Вторая книга Ладинского – “Северное сердце” – отметила и второй этап его пути. Тема наконец была им осознана лирически. Из театрального мира крестоносцев и аргонавтов углубилась она в мир душевный, и только одна душа – Психея, хотя Ладинский и не упоминает ее имени – стала героиней его стихов. Благодаря этому и книга в целом приобрела удивительное единство и стройность, и отдельные стихи Ладинского стали прежде всего хорошо построенными, что не уничтожило их мелодической и образной прелести, а лишь подчеркнуло ее.

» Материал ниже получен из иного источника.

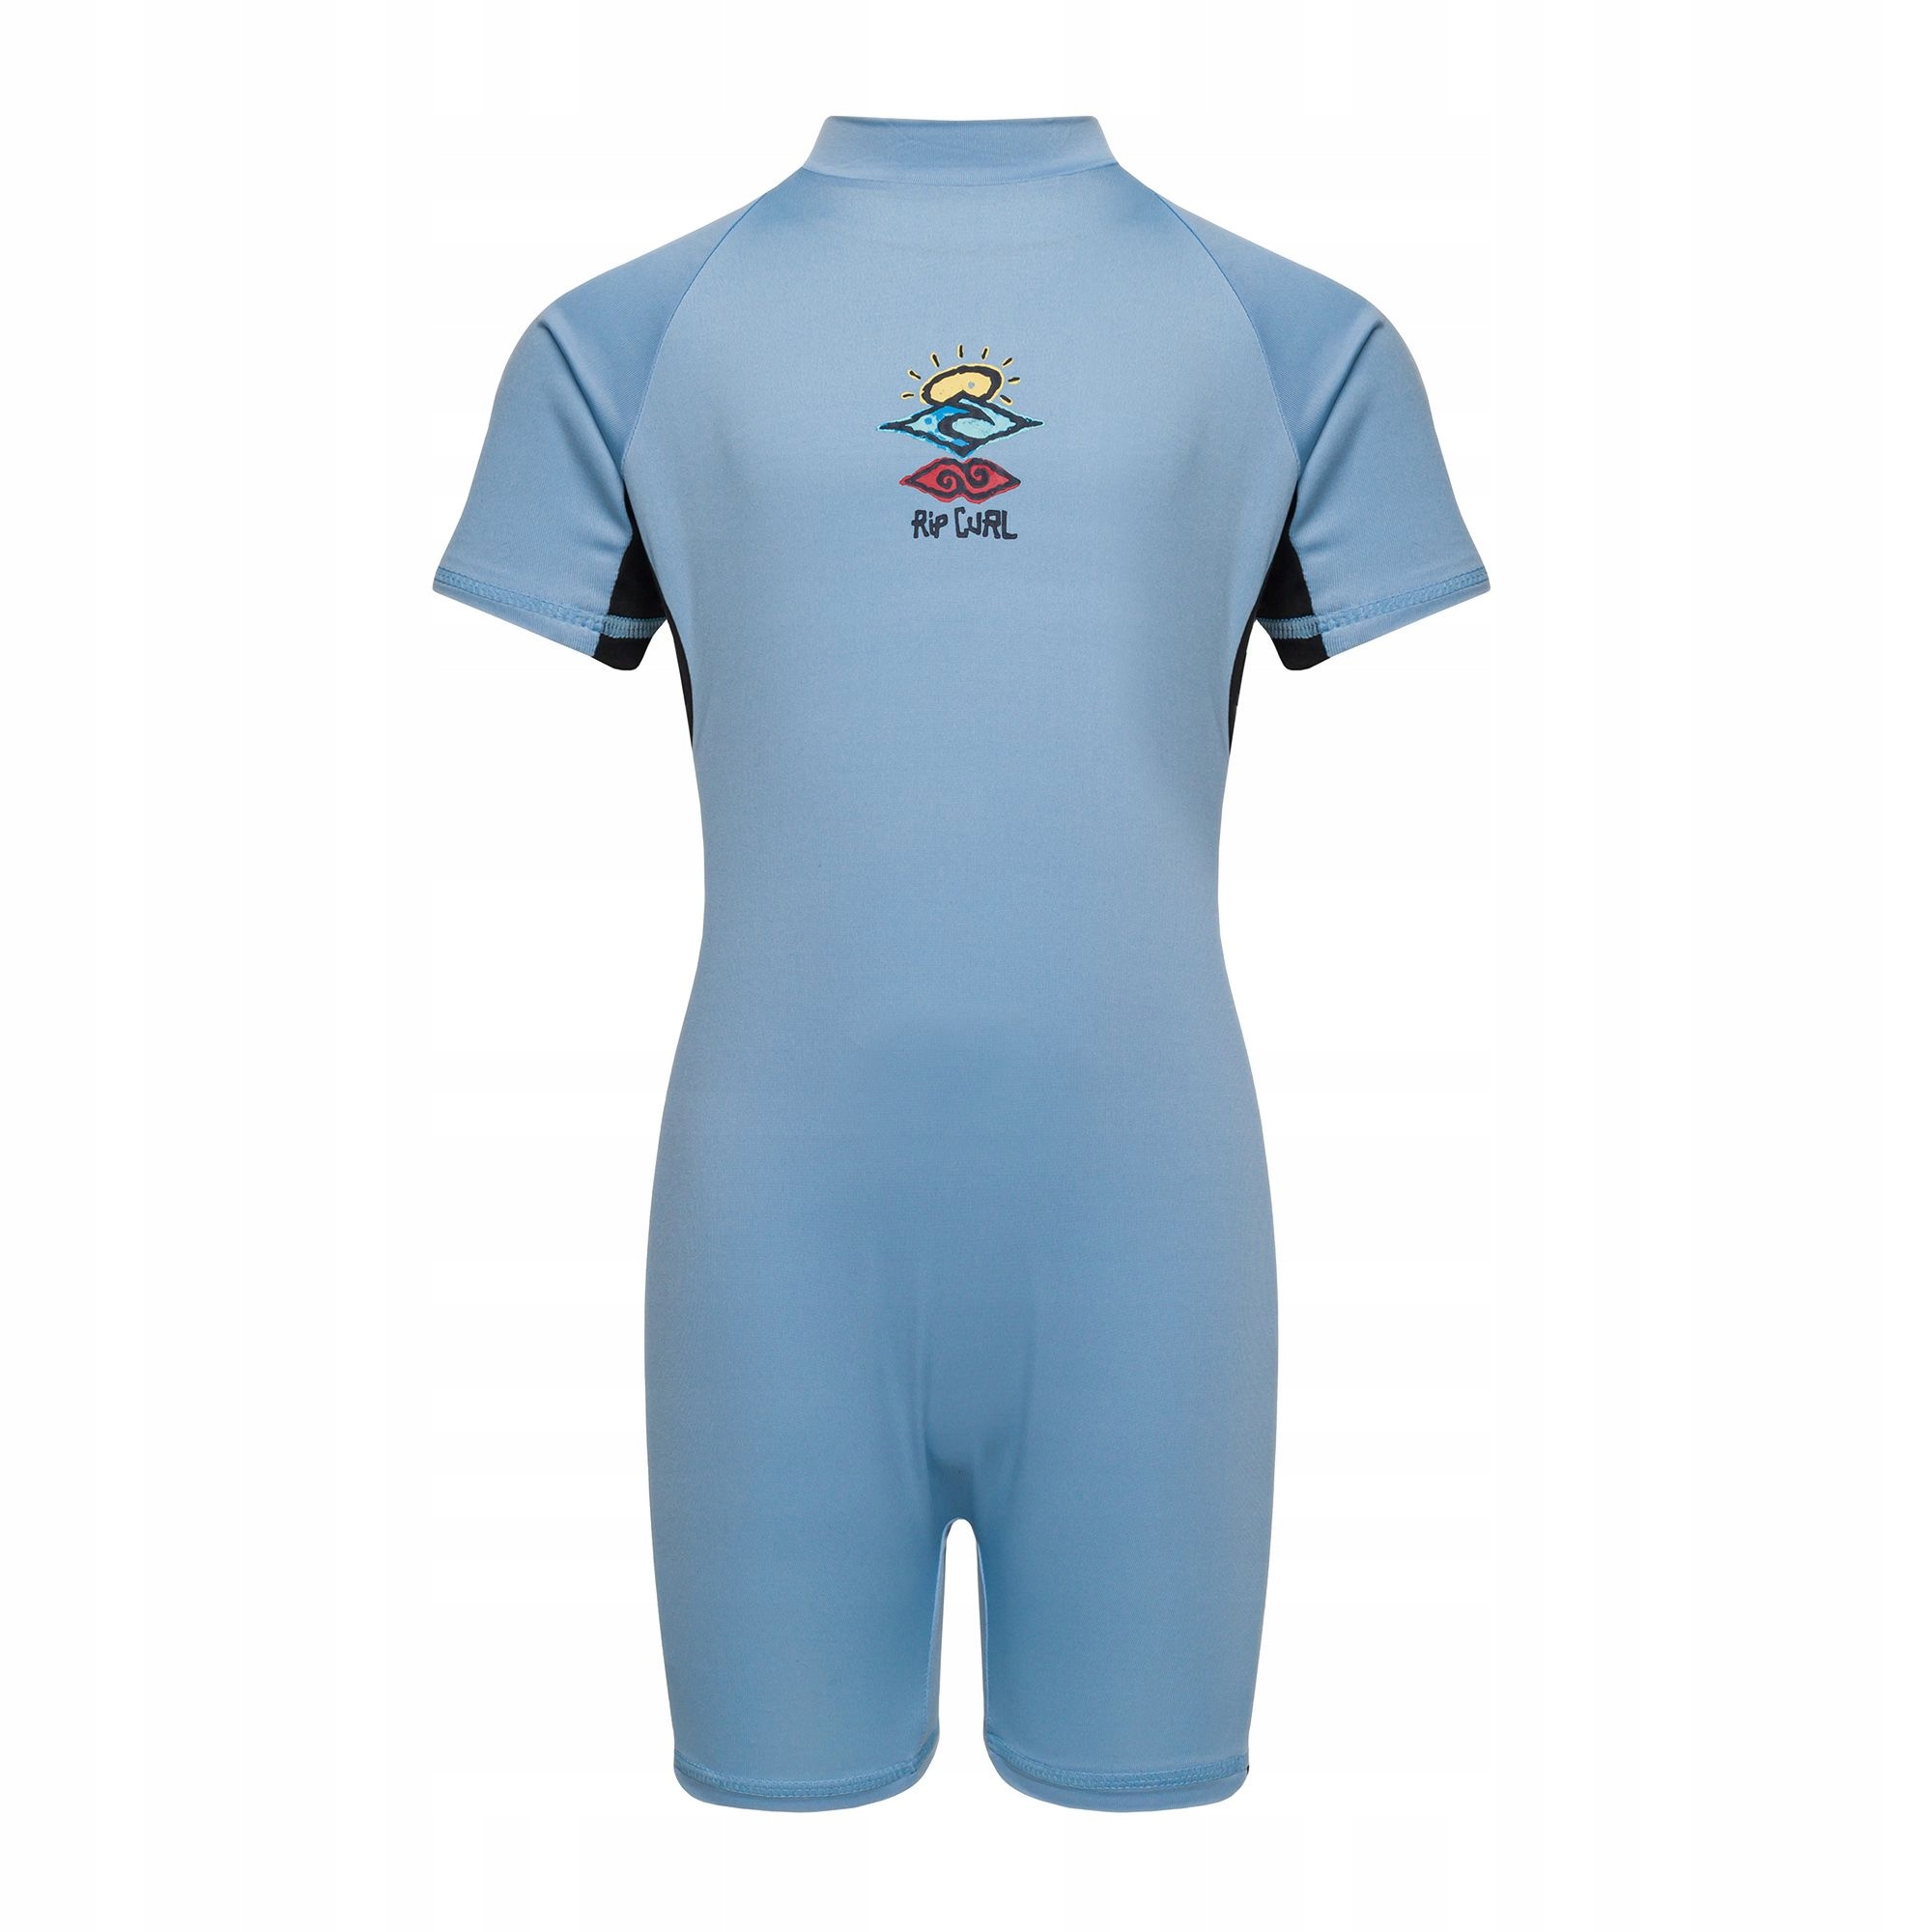 Detský overal Rip Curl Cosmic Spring Suit

Сейчас Ладинский выпустил свою третью книгу. Но если между первой и второй он проделал длительный путь, изменивший его облик, то в “Стихах о Европе” нового изменения мы не находим. Ладинский все тот же, каким мы знали его и в “Северном сердце”. Та же тема – тоскующей Психеи, та же ритмика с характерными для Ладинского перебоями в трехдольной стопе, с замедленными, слегка торжественными ямбами. Может быть, поэтому первое впечатление от книги несколько бледнее, чем хотелось бы. Ладинский на сей раз не углубил свою тему, он лишь попытался придать ей новое направление, связав ее с мифом о Европе, уносимой быком, и с мистерией нашей, современной Европы. Это скорее нарушило цельность: собственно говоря, новой книги стихов нам Ладинский не дал, а издал лишь новый сборник стихотворений, не вполне объединенных. Пожалуй, и некоторые отдельные стихи построены менее крепко, лирическая отвлеченность звучит порою у Ладинского абстрактностью “платонической”, не пережитой на собственном опыте.

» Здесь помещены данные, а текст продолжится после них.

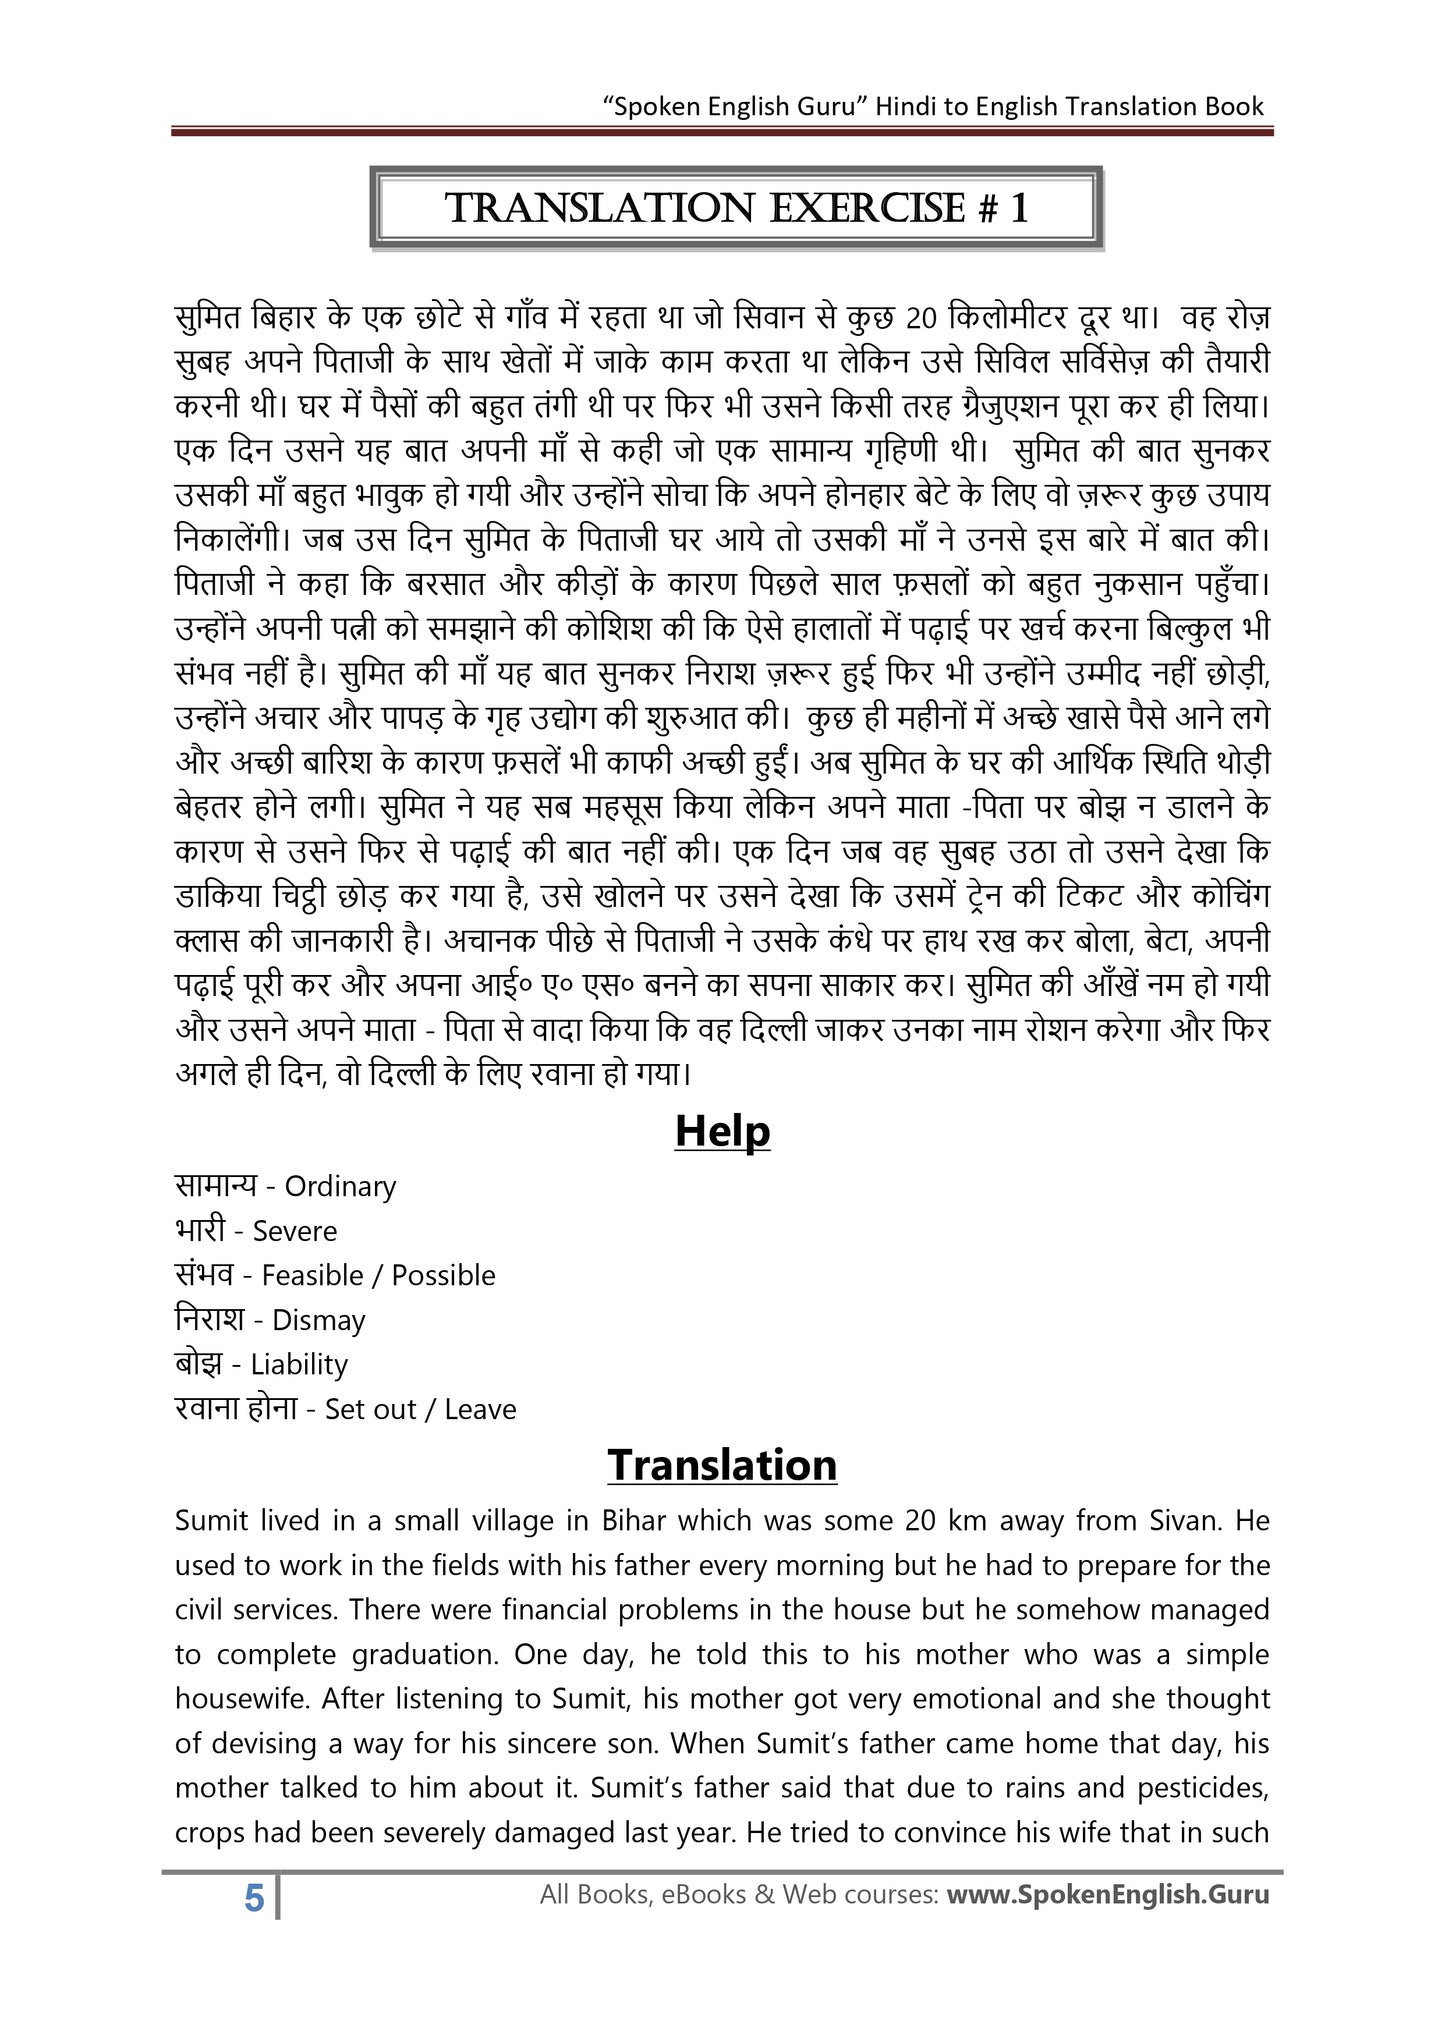 Hindi to English Translation Book - Long and Short Paragraphs Included

Но лишь иногда. И если вчитаться в стихи Ладинского, то и на этот раз начинает действовать его поэтическая магия. Отдельные срывы не помешали ему, в общем, не только остаться поэтом, но и написать некоторые стихи, превосходящие по интенсивности переживания и формальному мастерству “Северное сердце”. Это – в первую очередь стихи о той же Психее, как бы он ее
ни называл: Европой ли, душой ли или собственным женским именем. Даже замечательные стихи о Лермонтове косвенно посвящены ей же. Но лучшее стихотворение в книге и, пожалуй, вообще у Ладинского – “Вижу потрясенный воздух”, прямо возвращающее нас к постоянной теме его, только взятой в опрокинутой ситуации. Не томленье при отрыве от земли, а ужас от погружения Психеи в мир вещный» (Возрождение. 1937.2 июля. № 4085. С. 9. Подп.: Ю. М.).

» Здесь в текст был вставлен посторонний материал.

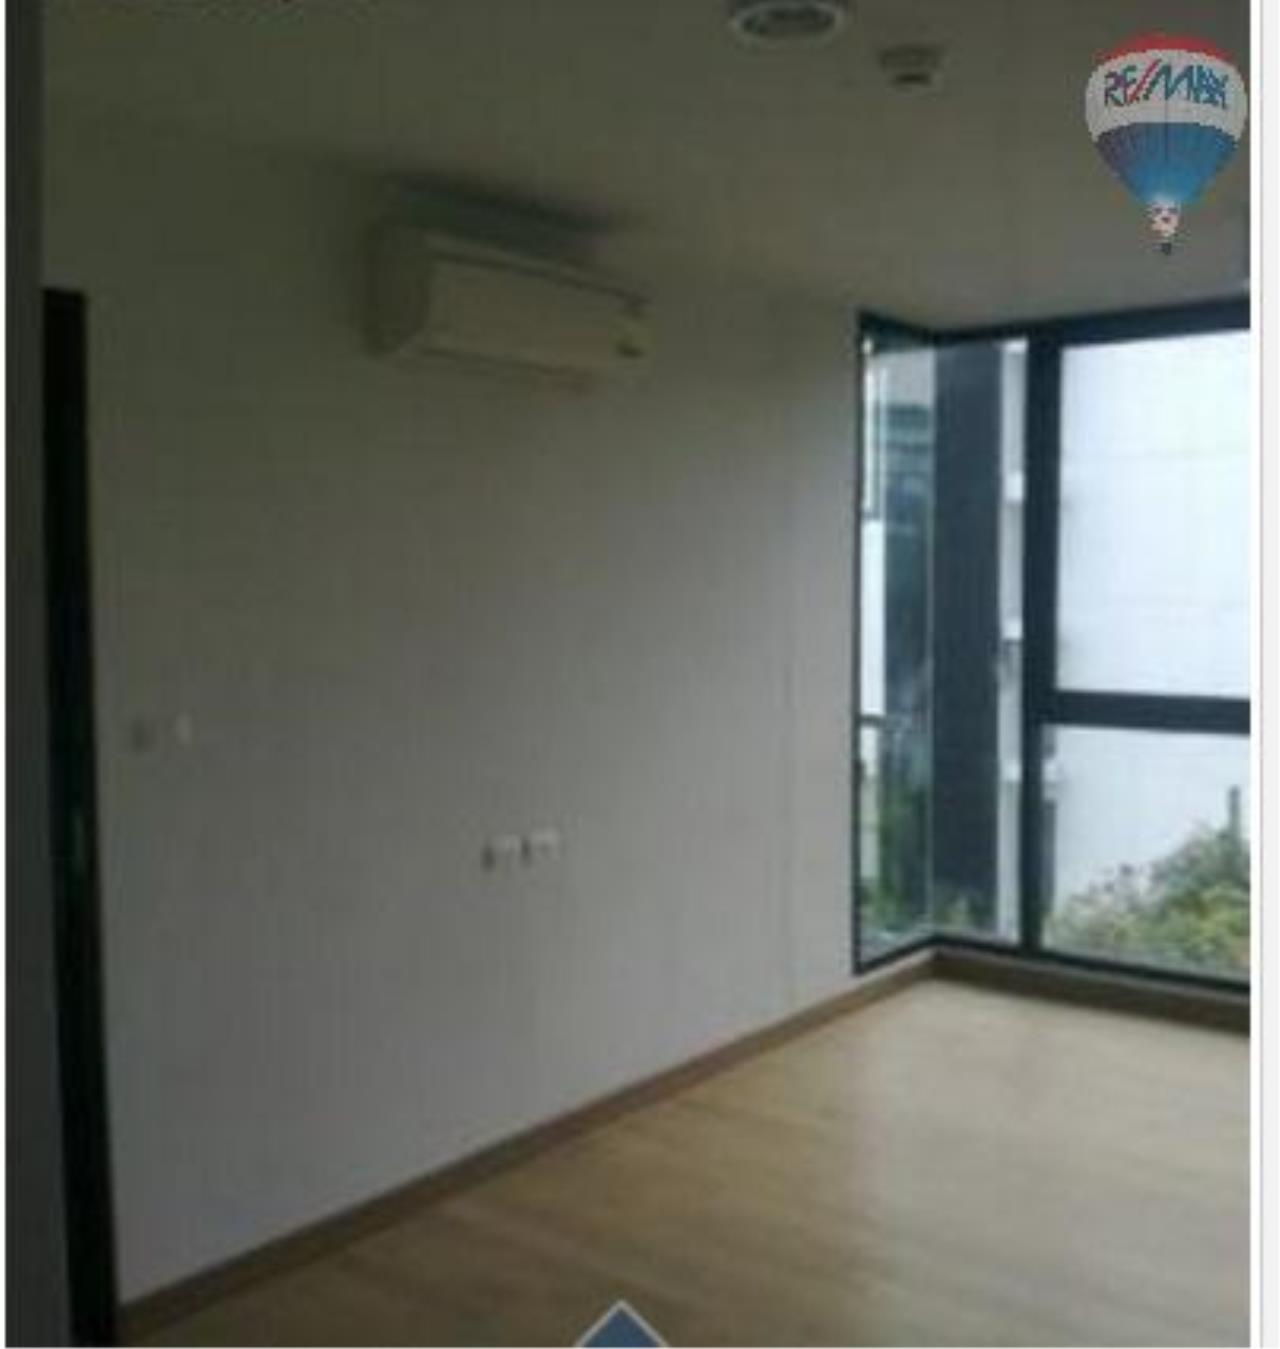 RE/MAX Properties Agency's 1 Bedroom 43.09 Sq.M.for sale 4.7 M.THB  2

Альфред Бем отнесся к новому сборнику Ладинского гораздо сдержаннее: «По существу, он не вносит ничего нового в поэтический облик автора. Все то же романтическое восприятие разрыва земного и небесного, все тот же ритмический рисунок стиха и повторяющиеся образы. Но эта устойчивость и верность самому себе Ладинского придает его творчеству особую убедительность. Лирика А. Ладинского условна, она и не пытается обмануть кажущейся простотой. Но в своей условности она куда более убедительна, чем “простота” Г. Иванова. И неуютность жизненного бытия на “мировой огромной льдине” у него не только словесная формула, но подлинное поэтическое обобщение. Подкупает в А. Ладинском и то, что он в своем творчестве нашел свой “русский” подход к окружающему. Его восприятие Европы, в котором чувствуется любовь к ней, и тревога за ее судьбы, и понимание того, что она идет сама навстречу гибели – все это напоминает отношение Достоевского к “святой земле чудес”. Кажется, в творчестве А. Ладинского намечается и какой-то внутренний перелом. Так мне показалось по стихотворению “В дубах”. Его начало показывает, что не исключена возможность перехода Ладинского на поэзию “высокого стиля” и больших форм» (Бем А. О парижских поэтах // Меч. 1937. 4 июля. № 25).
По мнению М.О. Цетлина, Ладинский-поэт «не земной, а “небесный”, он – искусственен, бесплотен, абстрактен. Все эти свойства не лишают поэзию Ант. Ладинского ее прелести. Поэзия Ладинского не хочет иметь ничего общего с прямыми непосредственными человеческими чувствами, с реальностью природы и истории. Для него поэзия это словесное построение, можно бы сказать "конструкция”, если бы это слово не говорило о тяжести, о стали, в то время как Ладинский хочет дать впечатление легкости, так что скорее следовало бы говорить о рукоделии, о “кружеве” слов.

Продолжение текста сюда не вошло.